Iris Borrego came to the United States from Mexico when she was ten years old. She attended both grade school and high school in Chicago, and graduated from Foreman High School in 2000.

She wanted to attend college, but due to her undocumented status she could not register for college courses immediately. She received her DACA permit in 2012 when she was thirty years old, and it was then that she decided to pursue her dream of going to college.

Because she had been out of the classroom for so long, she signed up for ESL classes at Wright College to brush up on her writing skills. While she was there, a transition specialist at the college introduced her to the Gateway Scholars program, which helps pay tuition and offers support services as students transition into credit degree and certificate programs.

Originally, she thought she wanted a career in nursing, but started to change her mind after taking her first psychology course. After her second course she was convinced, and in fall 2014 she declared a new major.

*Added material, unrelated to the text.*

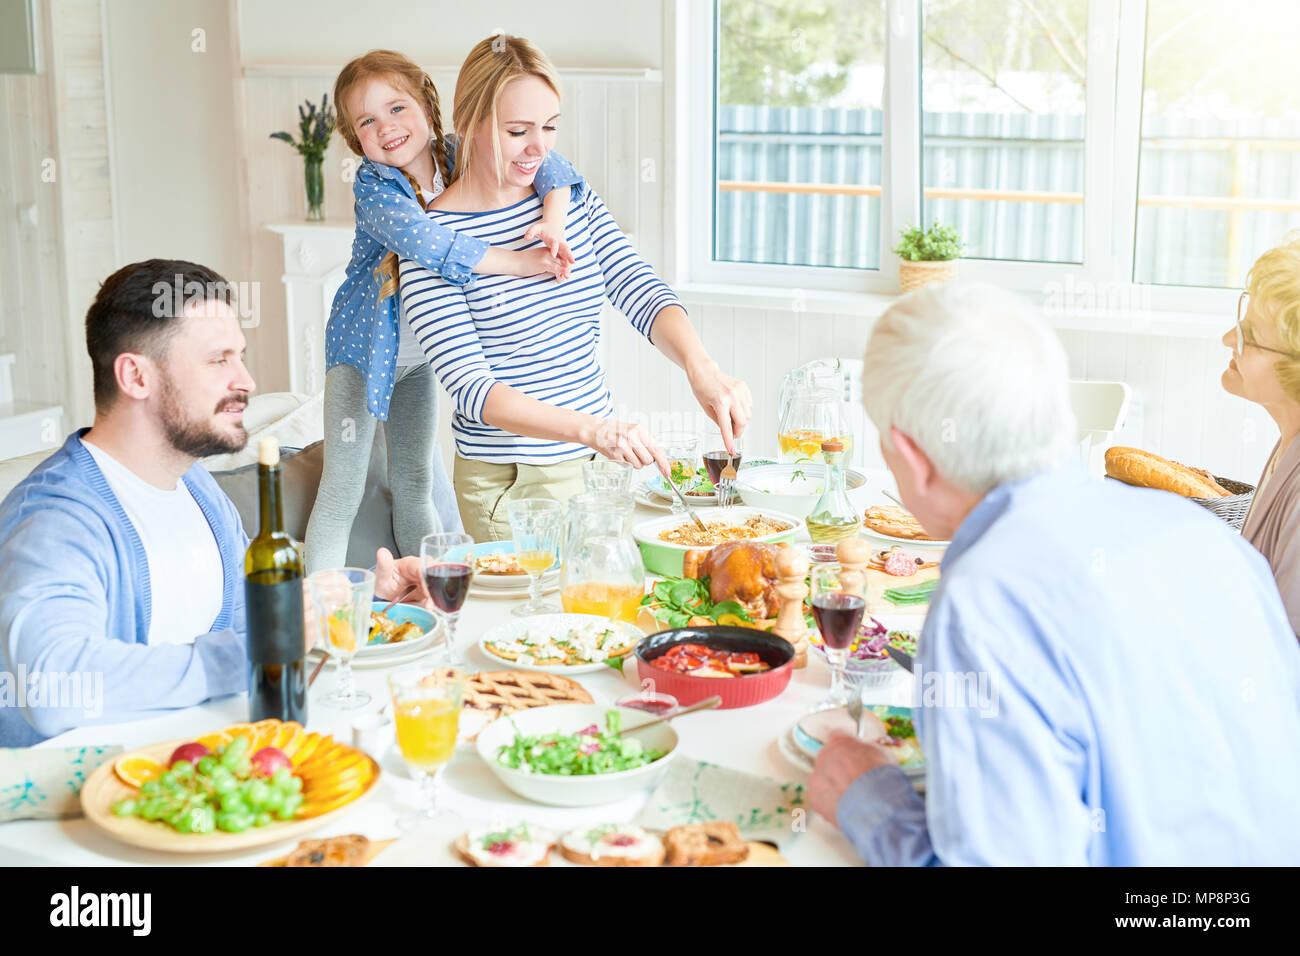 Feliz madre sirviendo comida en la cena familiar. Imagen De Stock

Going back to school had its challenges – namely, balancing work, school, and family. As a single mother of three children, the first few semesters were extremely difficult – she even remembers breastfeeding her youngest child while working on homework assignments. She credits support from friends and mentors at Wright College with helping her to overcome obstacles that many other students never had to face.

She was actively involved in extracurricular activities at Wright, including being a founding member of the Gateway Scholars Club, a student organization that helps Adult Education students transition to college. As an advocate for undocumented and DACA students, she helped to figure out ways to support DACA and undocumented students. She also had a work-study position at the Adult Education Office at Wright College Humboldt Park once she received her DACA work permit.

A few weeks after graduating in Spring 2017, she received the news that she won the Dream.US scholarship. an award of $29,000. She also obtained a full-ride scholarship to Dominican University, where she is now pursuing her bachelor’s degree with the goal of becoming a clinical psychologist.

“I am extremely grateful for the support that I received at Wright College. I particularly want to recognize and express gratitude toward Ms. Nitanda, Mr. Rasquin, Professor Connolly, Professor Holmes, Professor Simantirakis, and the Wright College Writing Center. I thought for a minute that everything was going to stop after the termination of DACA, but I want to tell all DACA and undocumented students to keep pursuing their dreams. Don’t be afraid because everything is possible.”